Elevate your grilling game with this flavorful and nutritious Low Carb Grilled Fish Steak recipe, a perfect choice for seafood lovers seeking a healthy yet satisfying meal. Featuring tender fish steaks like salmon or tuna, marinated in a vibrant blend of olive oil, zesty lemon juice, minced garlic, and fragrant herbs such as rosemary and thyme, this dish is both low in carbs and brimming with fresh, bold flavors. A touch of heat from red pepper flakes and a squeeze of lemon wedges rounds out the taste, making this a delightful main course that pairs beautifully with crisp salads or roasted vegetables. Quick to prepare and perfectly grilled in just minutes, this recipe is ideal for weeknight dinners or summer cookouts. Whether you're watching carbs or simply craving the rich taste of grilled seafood, this dish is sure to impress!
Preheat your grill to medium-high heat, about 400°F (200°C).
In a small bowl, whisk together the olive oil, lemon juice, minced garlic, chopped rosemary, chopped thyme, salt, black pepper, and red pepper flakes.
Rinse the fish steaks under cold water and pat dry with paper towels.
Brush both sides of each fish steak generously with the prepared herb and spice mixture.
Place the fish steaks on the preheated grill.

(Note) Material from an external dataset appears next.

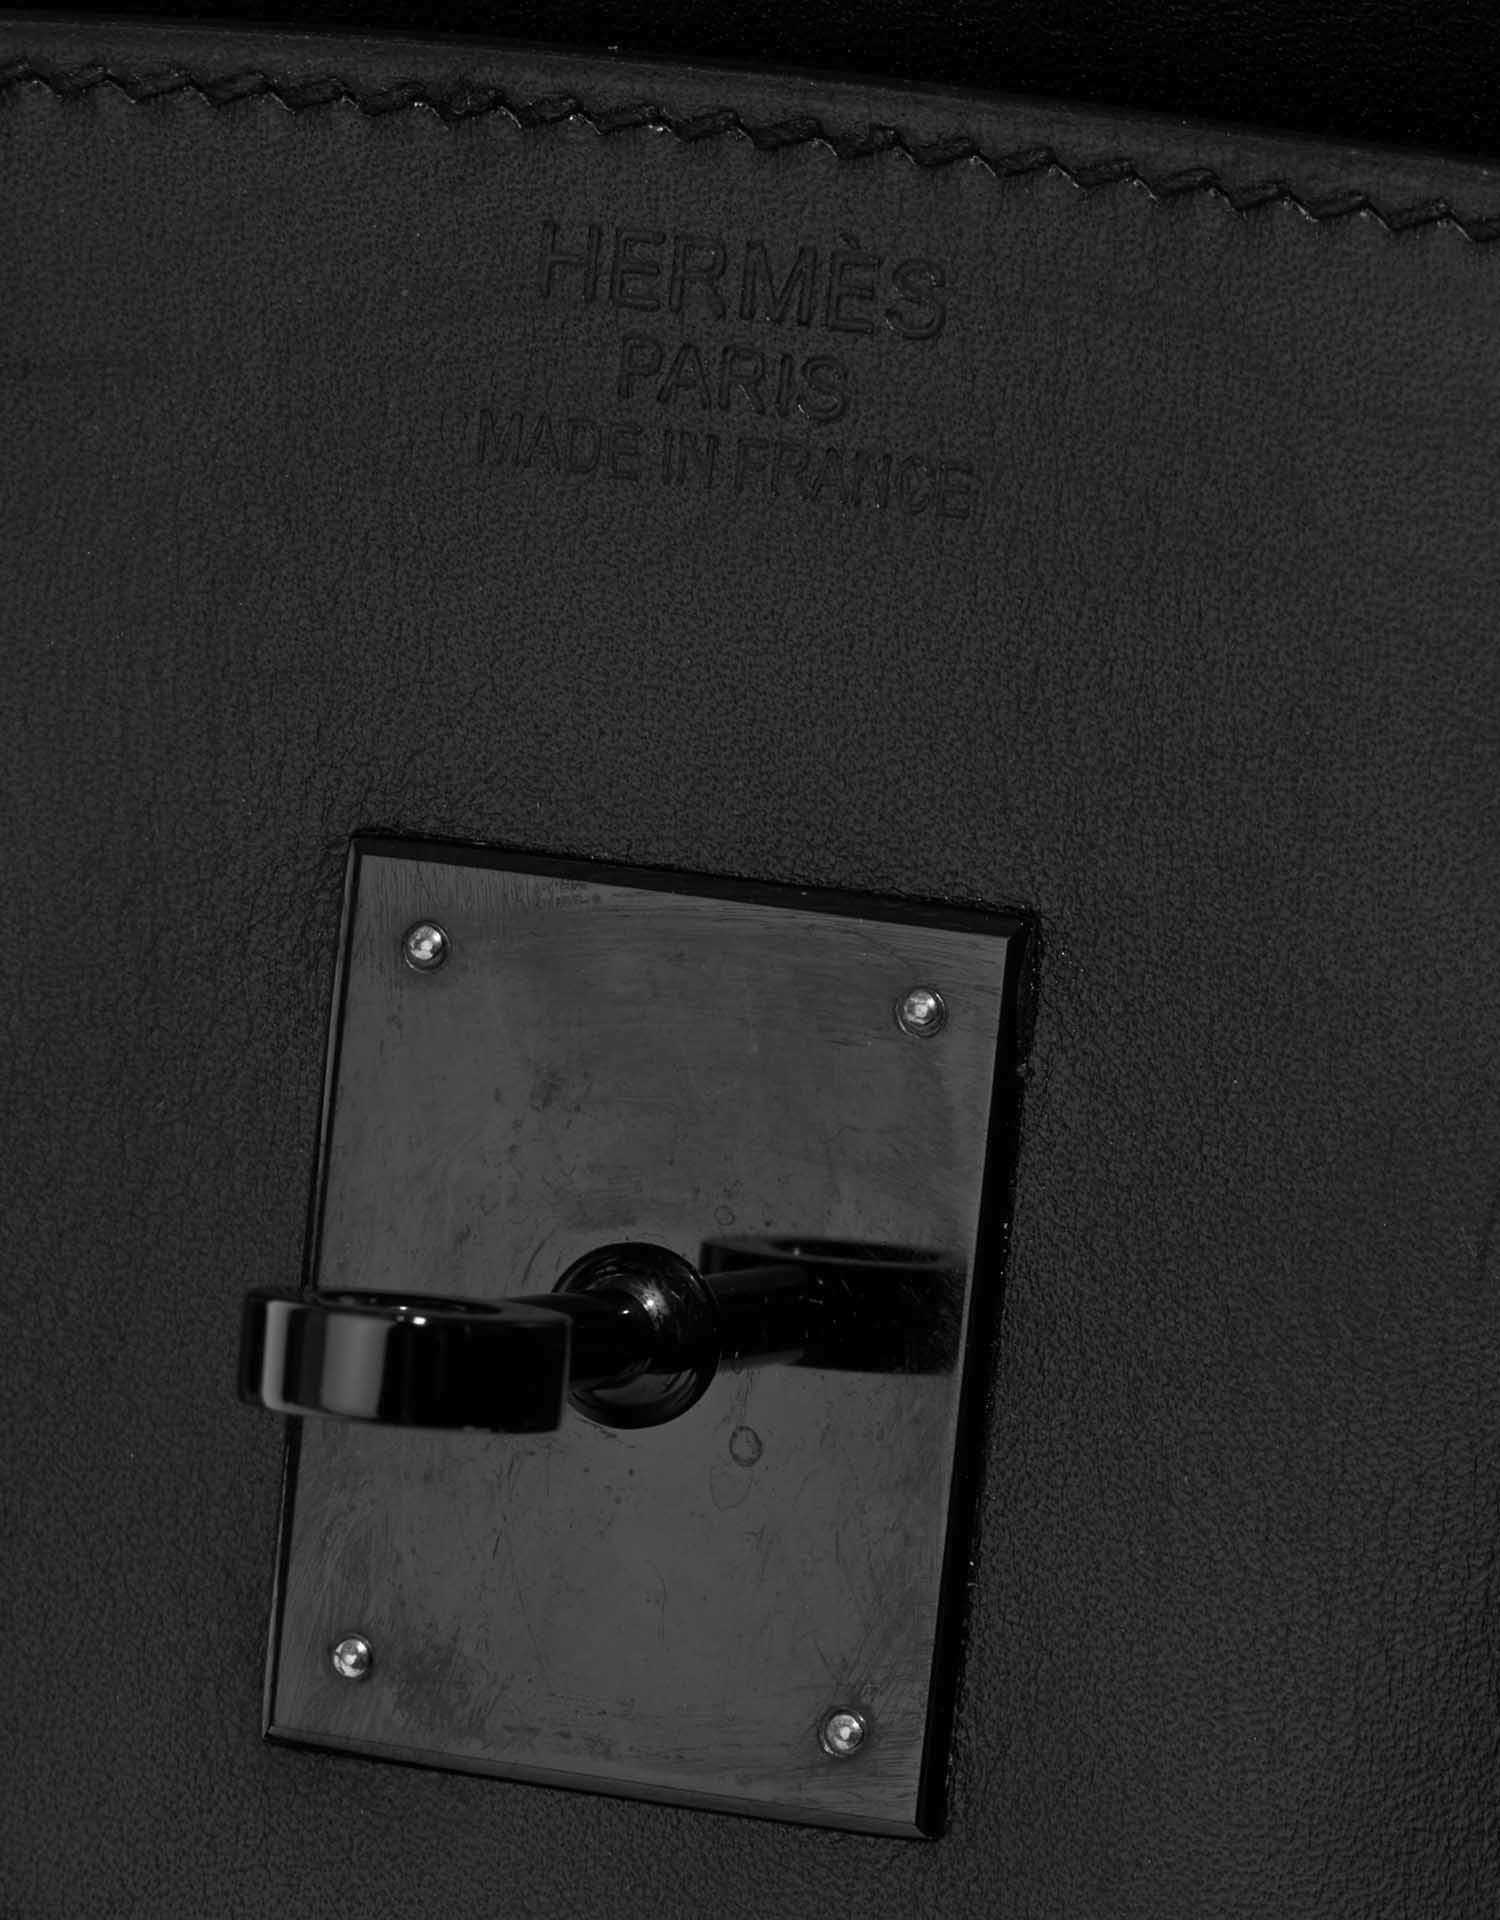 Hermes Birkin So Black Top Sellers, SAVE 35%

Cook for about 4-6 minutes on each side, depending on the thickness of the fish, until the fish is opaque and flakes easily with a fork.
Remove the fish steaks from the grill and let them rest for a few minutes before serving.
Serve with lemon wedges on the side for an extra burst of freshness.
Calories |
1104 | ||
|---|---|---|---|
% Daily Value* |
|||
| Total Fat | 80.2 g | 103% | |
| Saturated Fat | 16.8 g | 84% | |
| Polyunsaturated Fat | 2.7 g | ||
| Cholesterol | 252 mg | 84% | |
| Sodium | 1418 mg | 62% | |
| Total Carbohydrate | 7.3 g | 3% | |
| Dietary Fiber | 1.5 g | 5% | |
| Total Sugars | 1.5 g | ||
| Protein | 88.7 g | 177% | |
| Vitamin D | 45.0 mcg | 225% | |
| Calcium | 74 mg | 6% | |
| Iron | 4.0 mg | 22% | |
| Potassium | 1642 mg | 35% | |
*The % Daily Value tells you how much a nutrient in a serving of food contributes to a daily diet. 2,000 calories a day is used for general nutrition advice.